**Dataset extract:**
--------

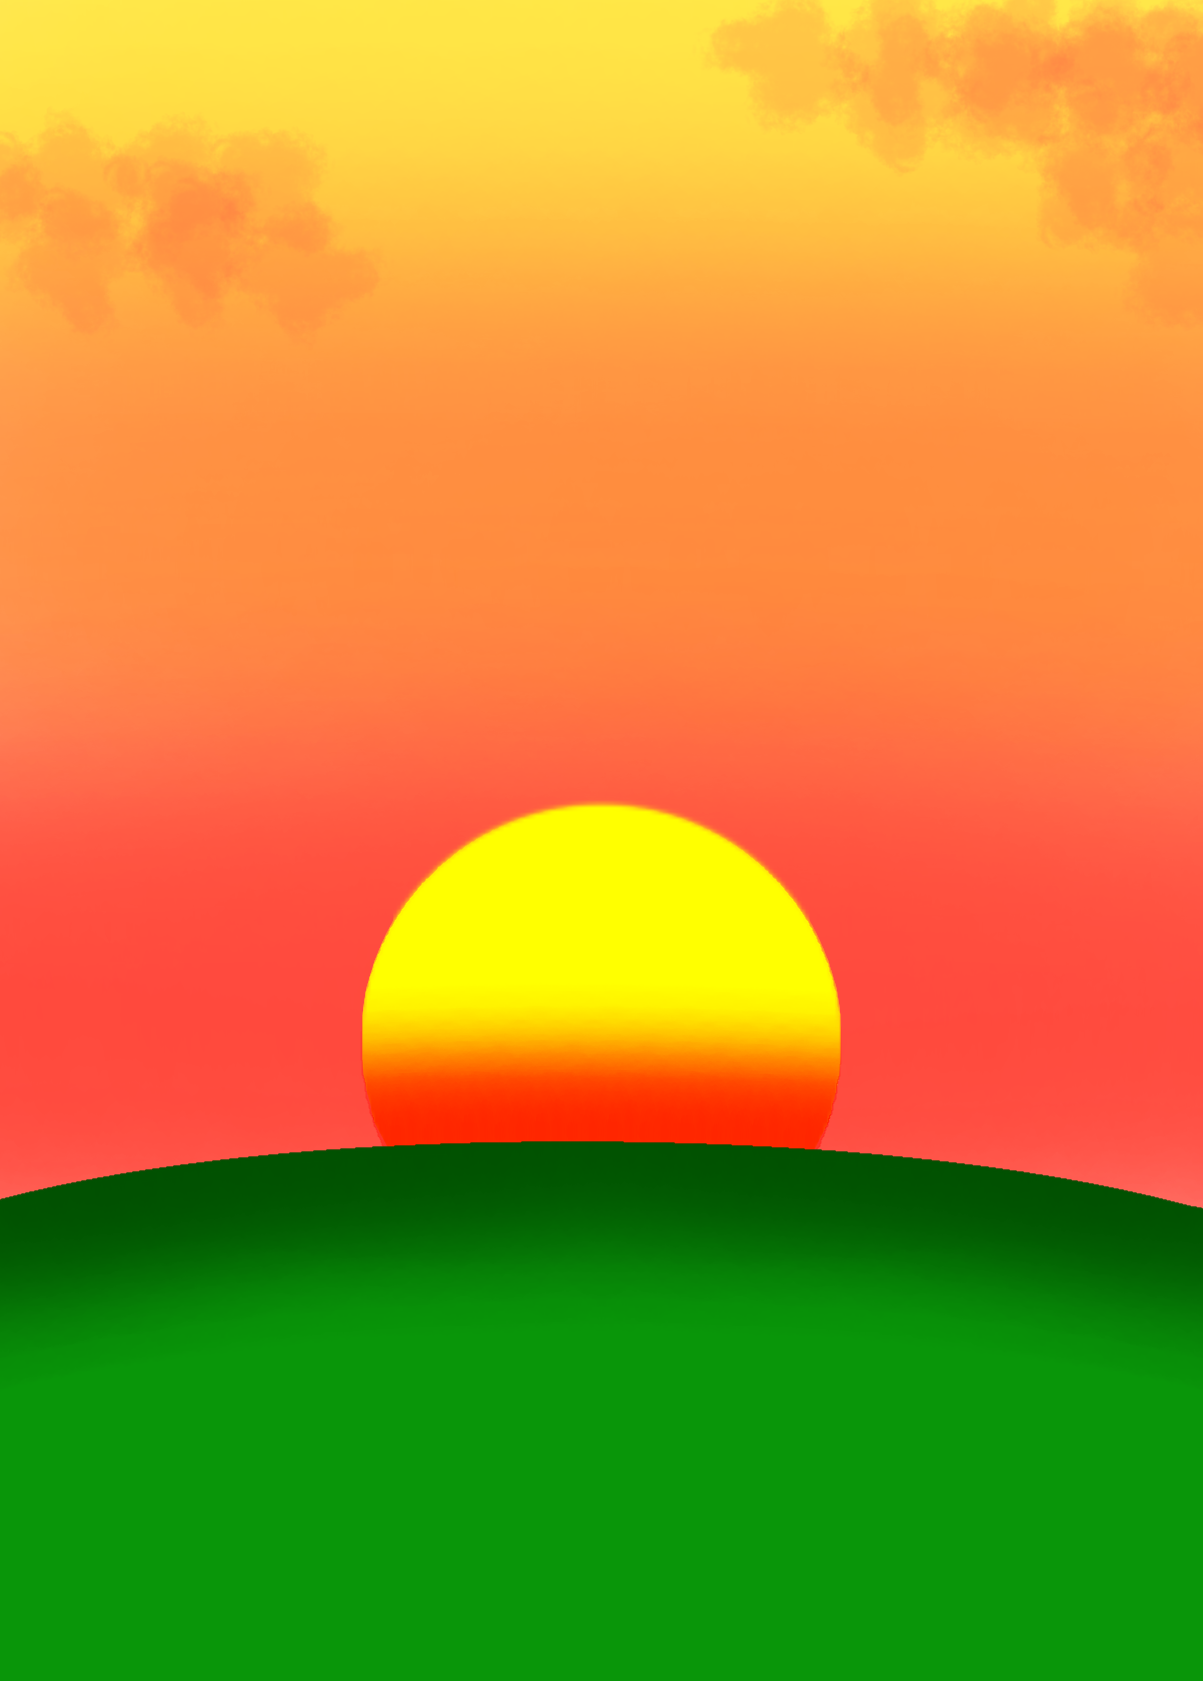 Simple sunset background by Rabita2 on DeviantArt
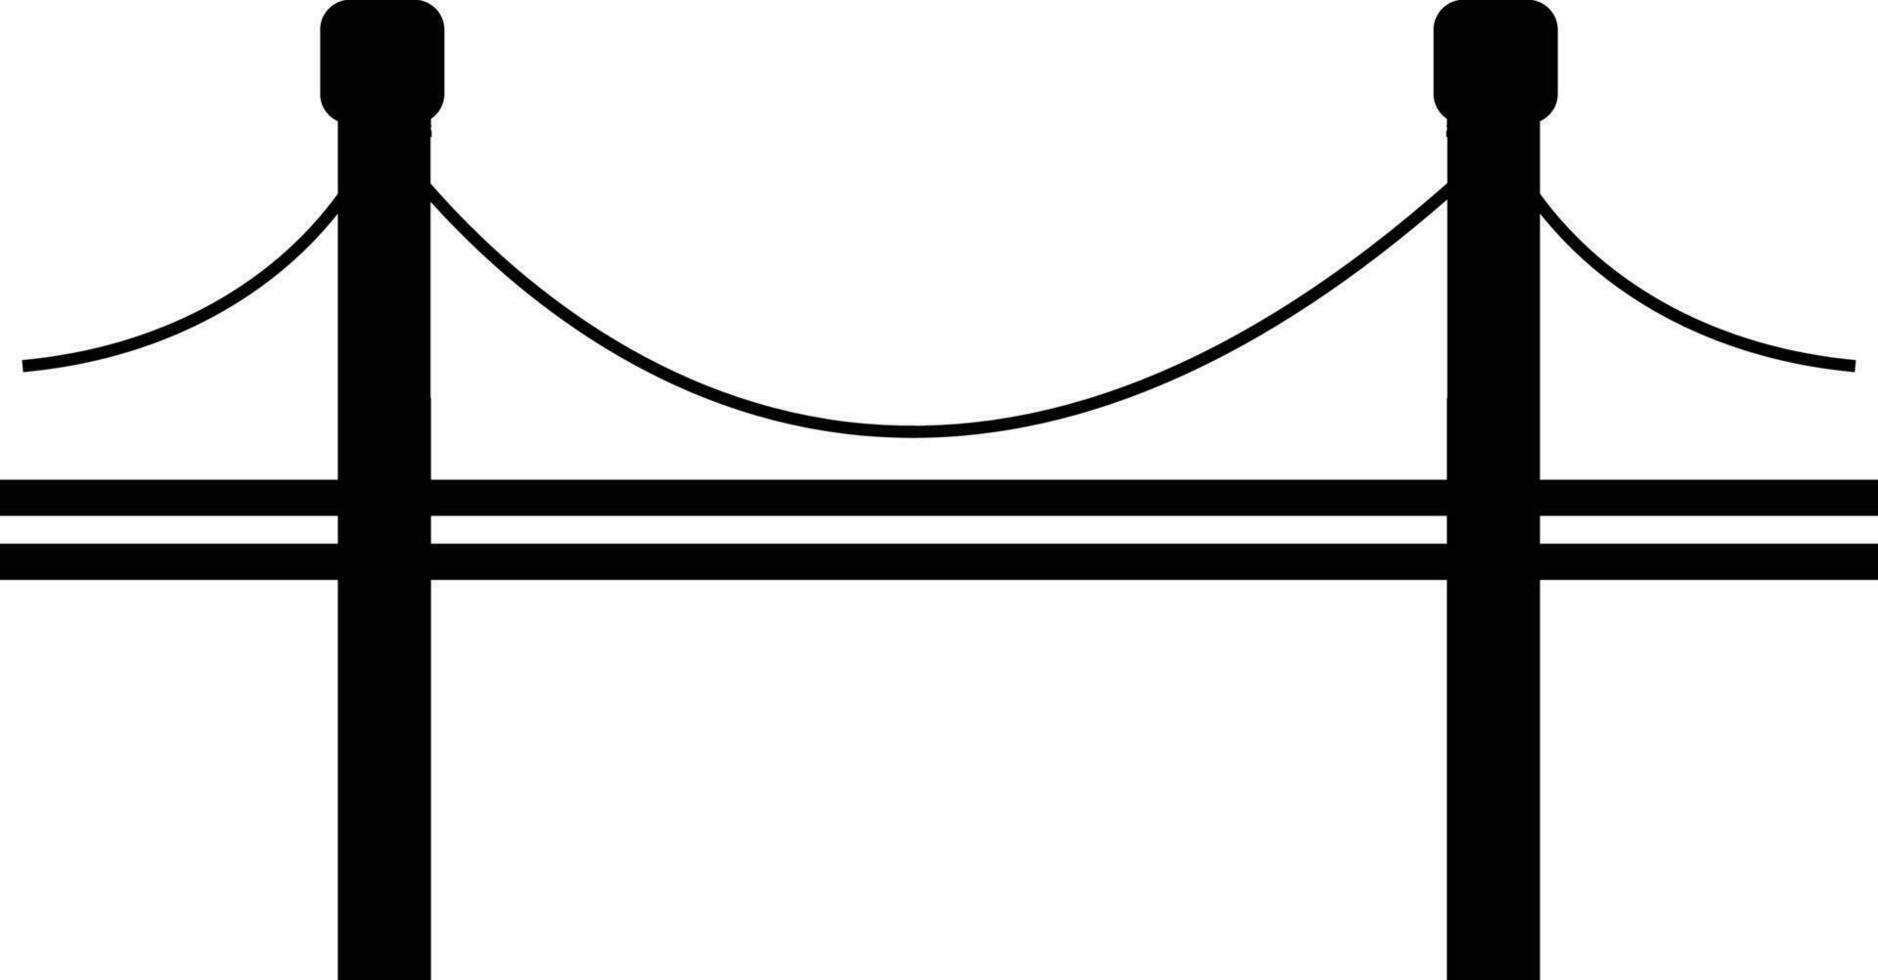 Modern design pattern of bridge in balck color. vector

--------

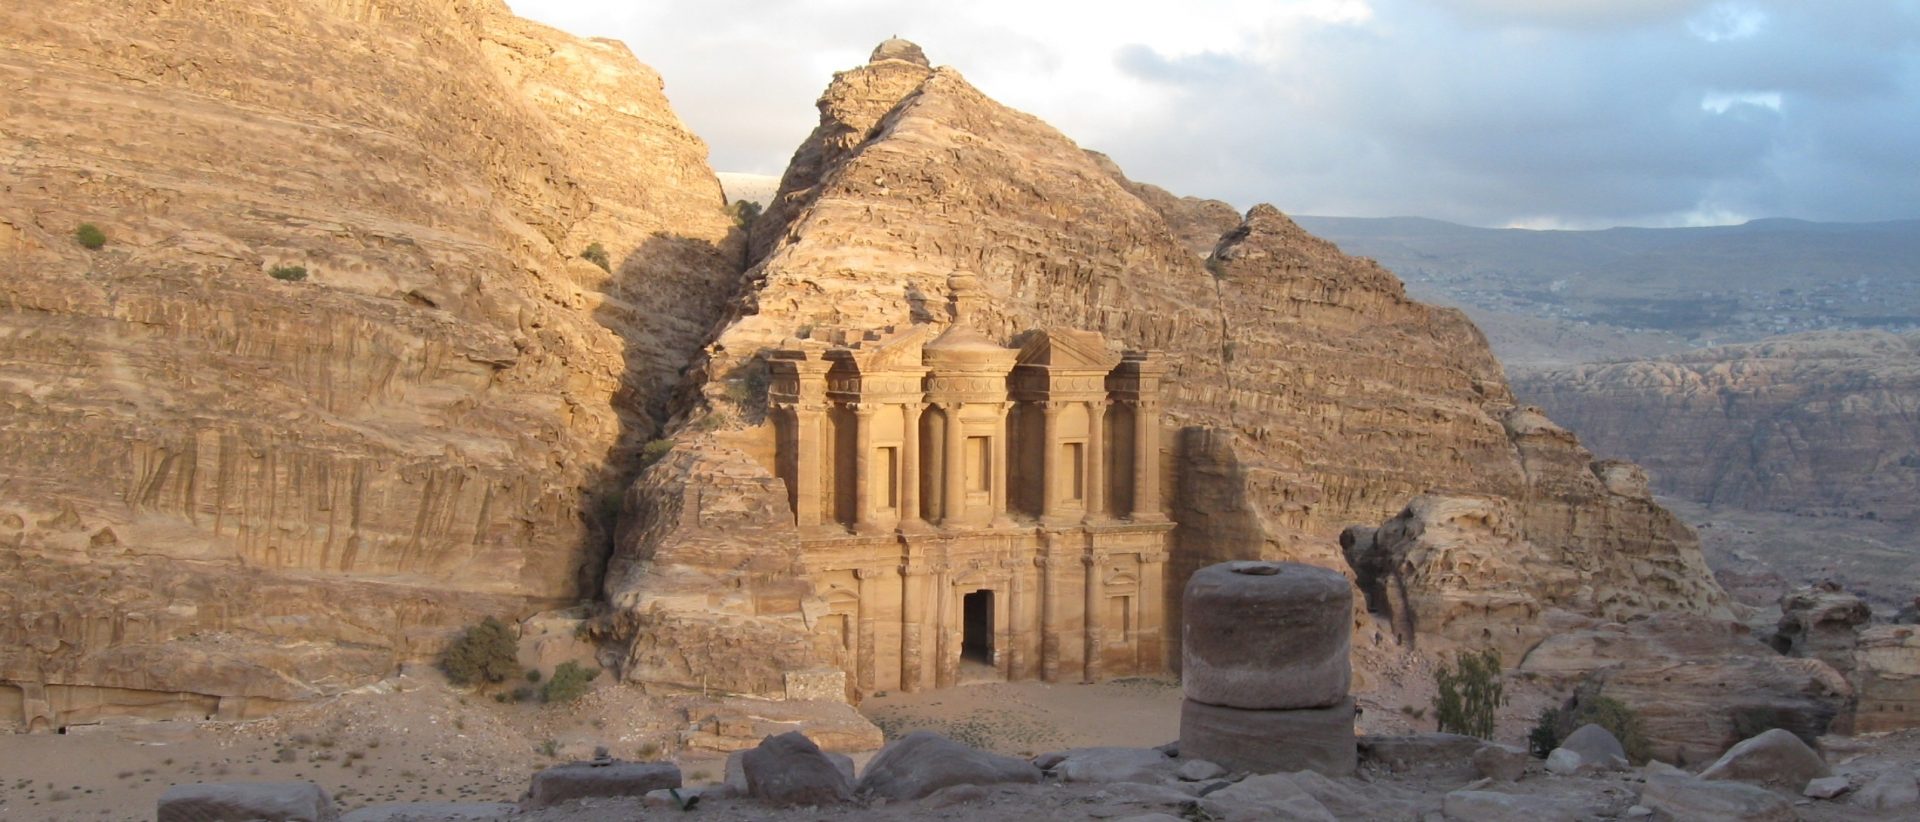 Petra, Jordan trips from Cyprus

--------

**Instructions to follow:** Look above for the line with "Simple sunset background", then print it and each line after it down to and including the line with "Modern design pattern". Leave out the pictures and keep the wording exact.

**Task result:**
 Simple sunset background by Rabita2 on DeviantArt
 Modern design pattern of bridge in balck color. vector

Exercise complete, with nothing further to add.